The plan of this diminutive building, with its projecting antae and a length to breadth proportion of almost exactly three to two, closely resembles those of some of the earliest Irish stone churches. The dating of these structures is uncertain, and this example, with its sandstone dressings, is unlikely to be earlier than the 9th or 10th century (50). The recent excavation has provided no evidence either for or against the supposition that the stone building replaced an earlier timber oratory. Its modern designation, 'St Columba's Shrine', is an evident misnomer, since the shrine in which Columba's remains were placed in the 8th century (p. 47) almost certainly stood in the principal church of the monastery. The modern name, however, is derived from a much older tradition, recorded in the late 17th century, that this was the site of the saint's tomb or 'monument' (51). In view of the uncertain date of origin of Reilig Odhráin (p. 13), and the well-attested medieval veneration for the original burial-places of saints, even after the translation of their remains (52), this tradition merits serious consideration. The building has also been identified, probably correctly, with the 'small church of Columcille' mentioned in a saga account of the Hebridean expedition of the Norwegian king, Magnus Barelegs, in 1098 (p. 48). Tradition held that 'the king did not go in, but closed the door again, and locked it, and said that none should be so daring as to go into that church; and thenceforward it has been so done' (53).

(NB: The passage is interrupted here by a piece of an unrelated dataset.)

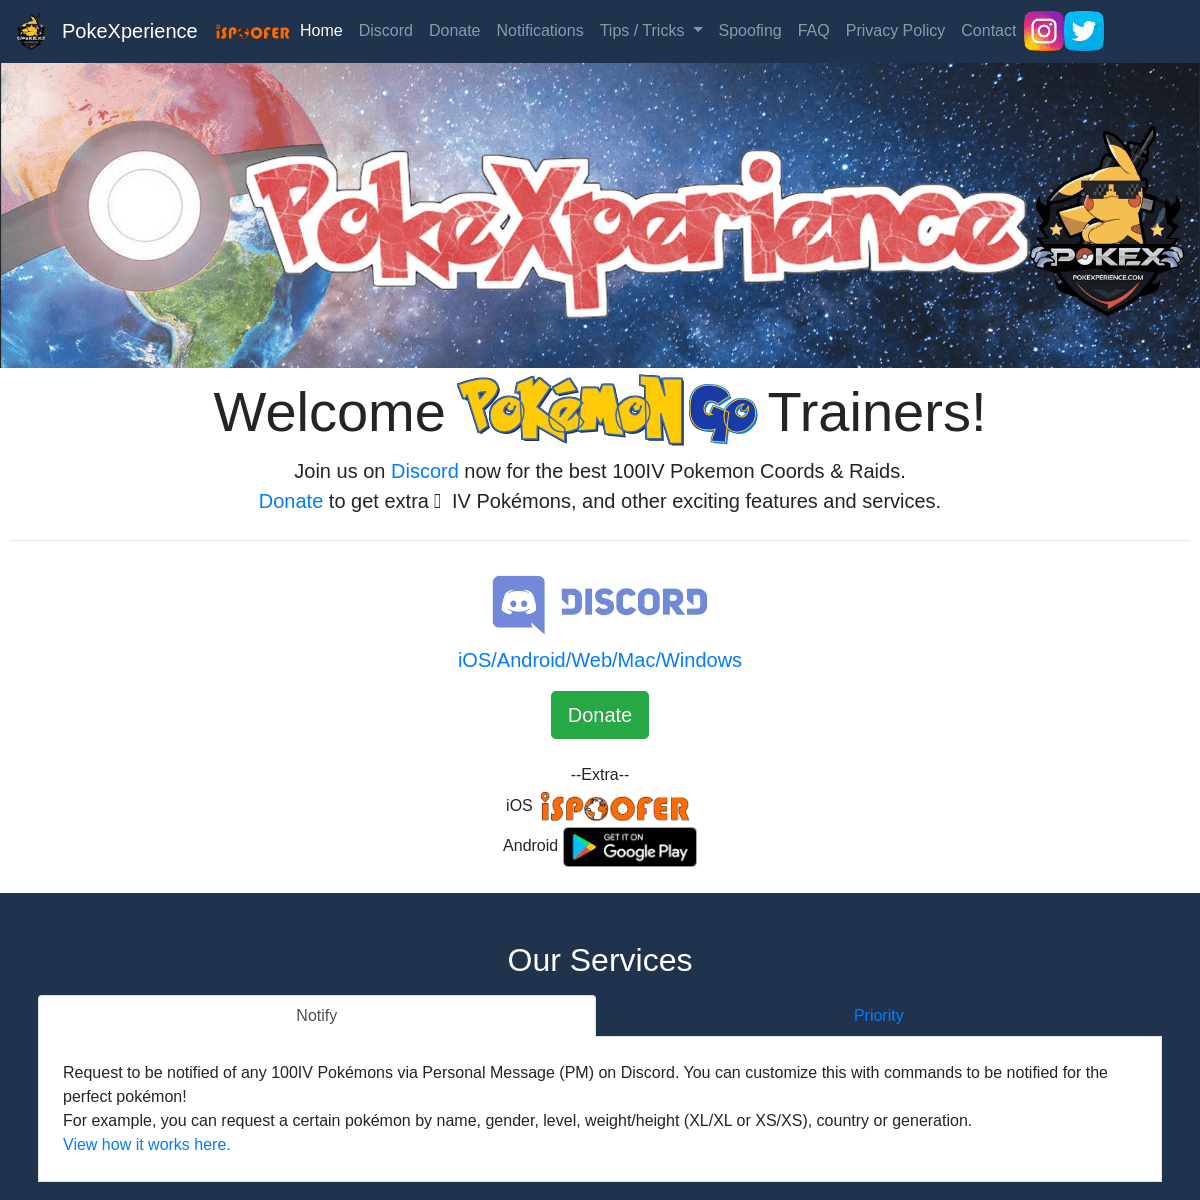 A complete backup of pokexperience.com

RCAHMS 1982, visited September 1980

(47) Dryden MS 7; photographs in NMRS.

(48) PSAS, 108 (1976-7), 230-2, 238.

(49) Ibid., 232.

(50) Cf. Leask , Irish Churches, 1, 49 and passim. For the problems of dating these buildings, see Harbison, P, in Med. Arch., 14 (1970), 34-59; Hughes and Hamlin, Early Irish Church, 57-67.

(51) Sacheverell, Voyage, 132-3; Geog. Coll., 2, 216; Martin, Western Islands, 287-8. Cf. PSAS, 11 (1874-5), 341-6.

(52) Cf. the sequence of structures below St Swithun's Chapel, Winchester (Arch. J. 114 (1957), 28-68; Ant. J., 48 (1968), 275-80; 50 (1970), 318-20) and the commemoration of the original tombs of St Thomas Becket in the crypt of Canterbury Cathedral and of St Kentigern in the lower church at Glasgow Cathedral (Stones, E L G, in Innes Review, 18 (1967), 88-92).

(53) Skene, Celtic Scotland, 2,354; PSAS, II (1874-6),345; Heimskringla, quoted in Anderson, Early Sources, 2, 107-9.